**Data block**
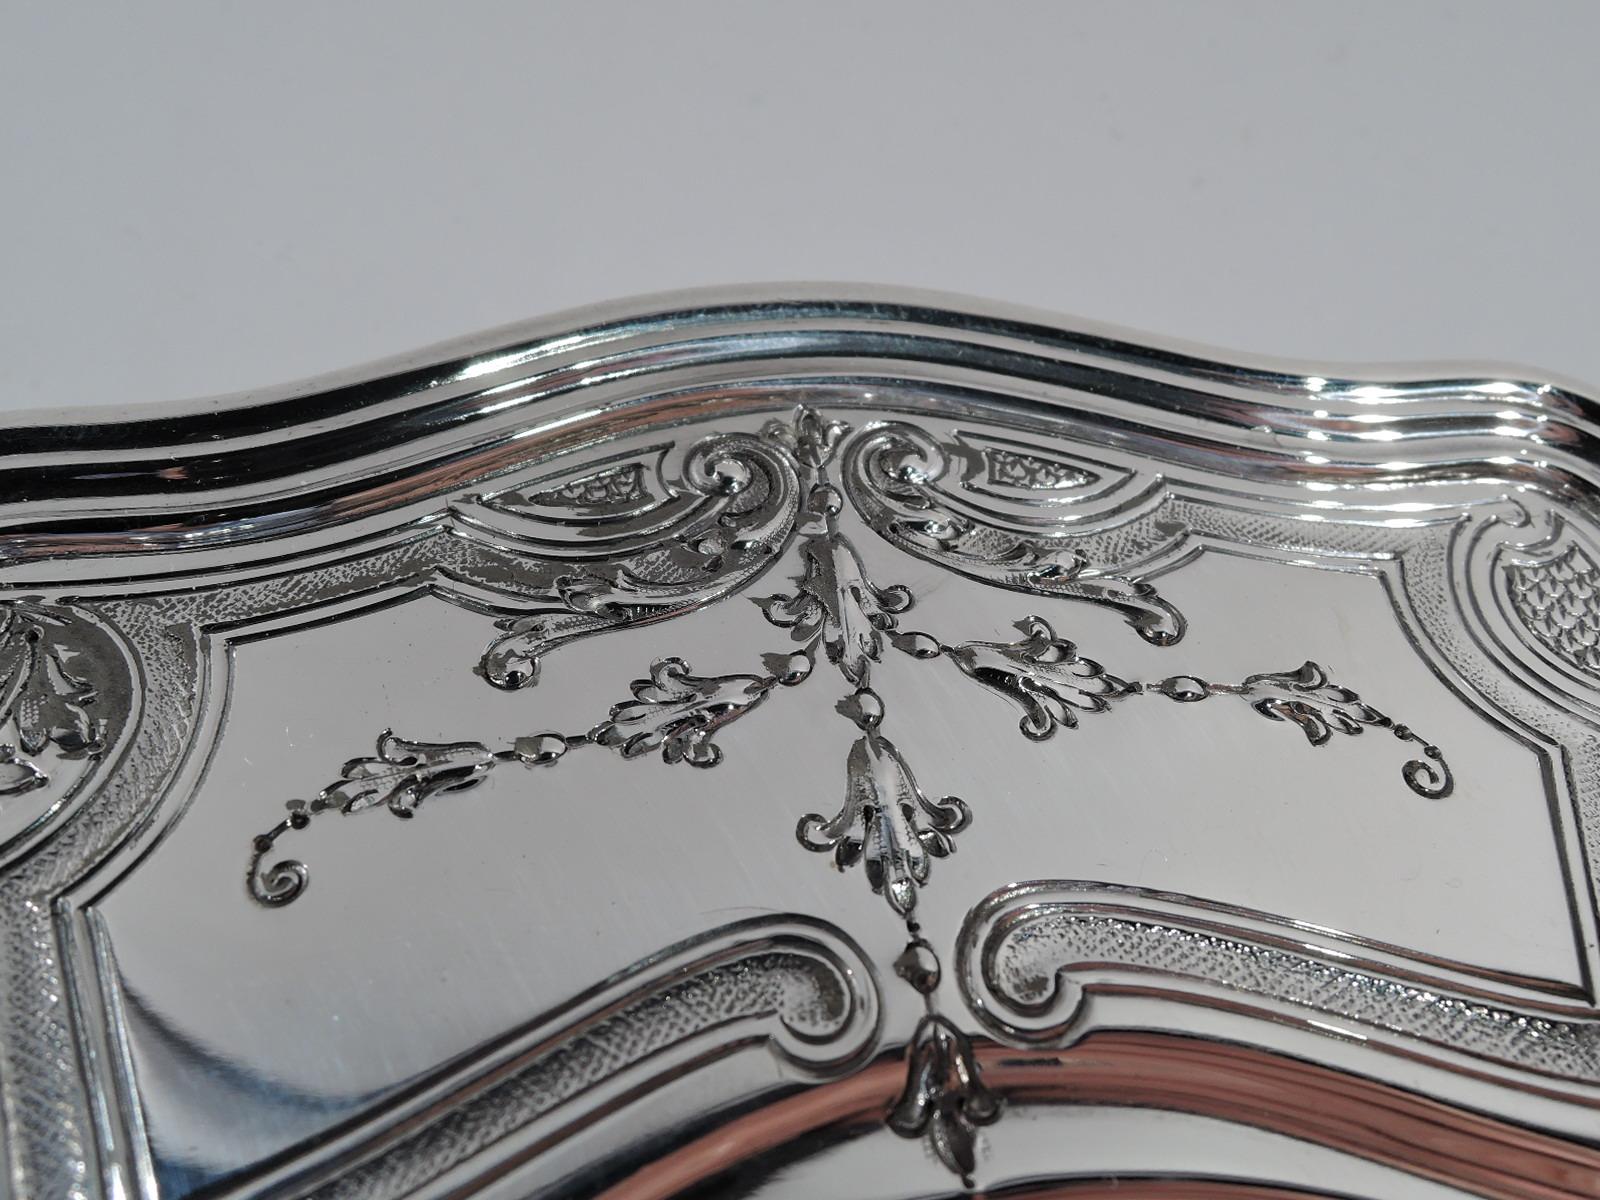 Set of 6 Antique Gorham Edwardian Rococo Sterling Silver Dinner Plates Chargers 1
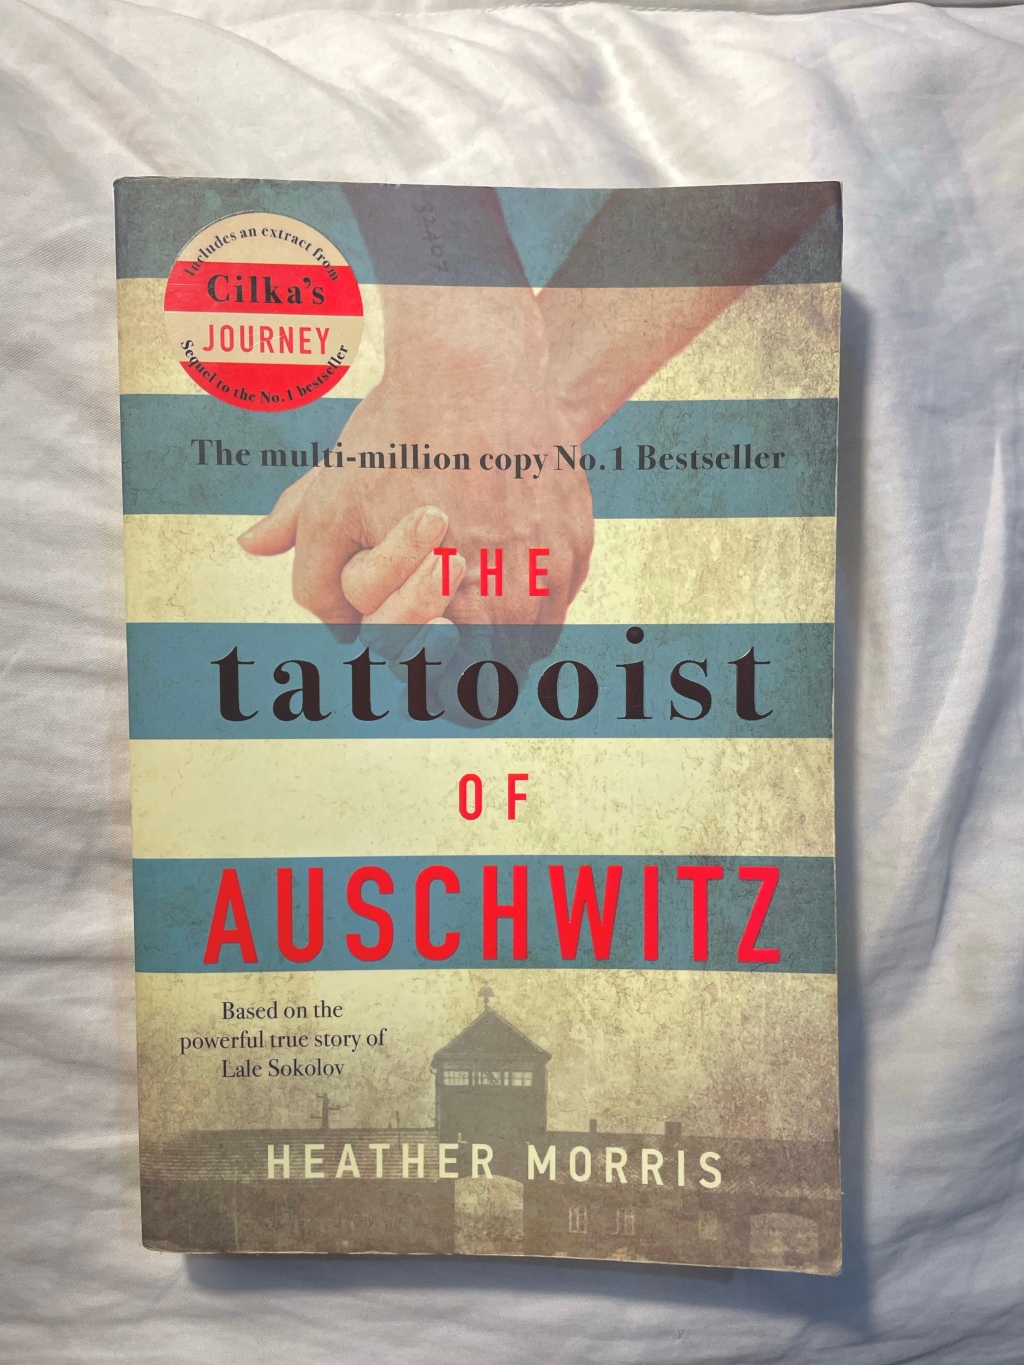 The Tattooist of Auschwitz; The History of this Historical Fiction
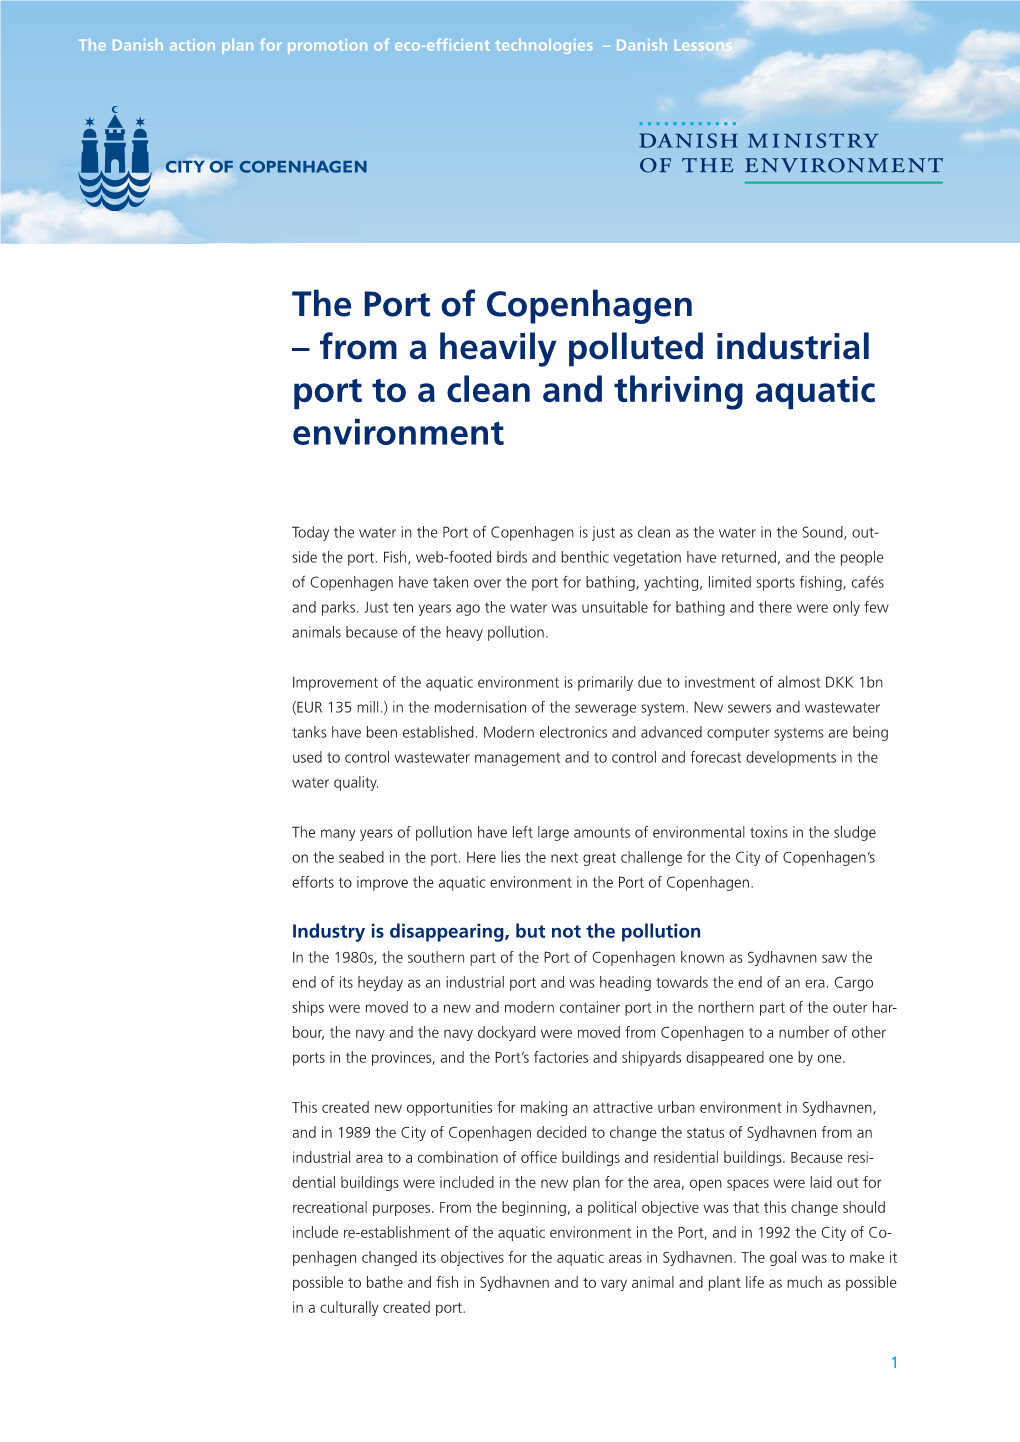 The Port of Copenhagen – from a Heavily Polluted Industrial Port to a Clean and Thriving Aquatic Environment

**Problem statement**
Reproduce verbatim the opening line of the material and every line after it, up to and including the line with "The Tattooist of", but no pictures.

**Answer section**
 Set of 6 Antique Gorham Edwardian Rococo Sterling Silver Dinner Plates Chargers 1
 The Tattooist of Auschwitz; The History of this Historical Fiction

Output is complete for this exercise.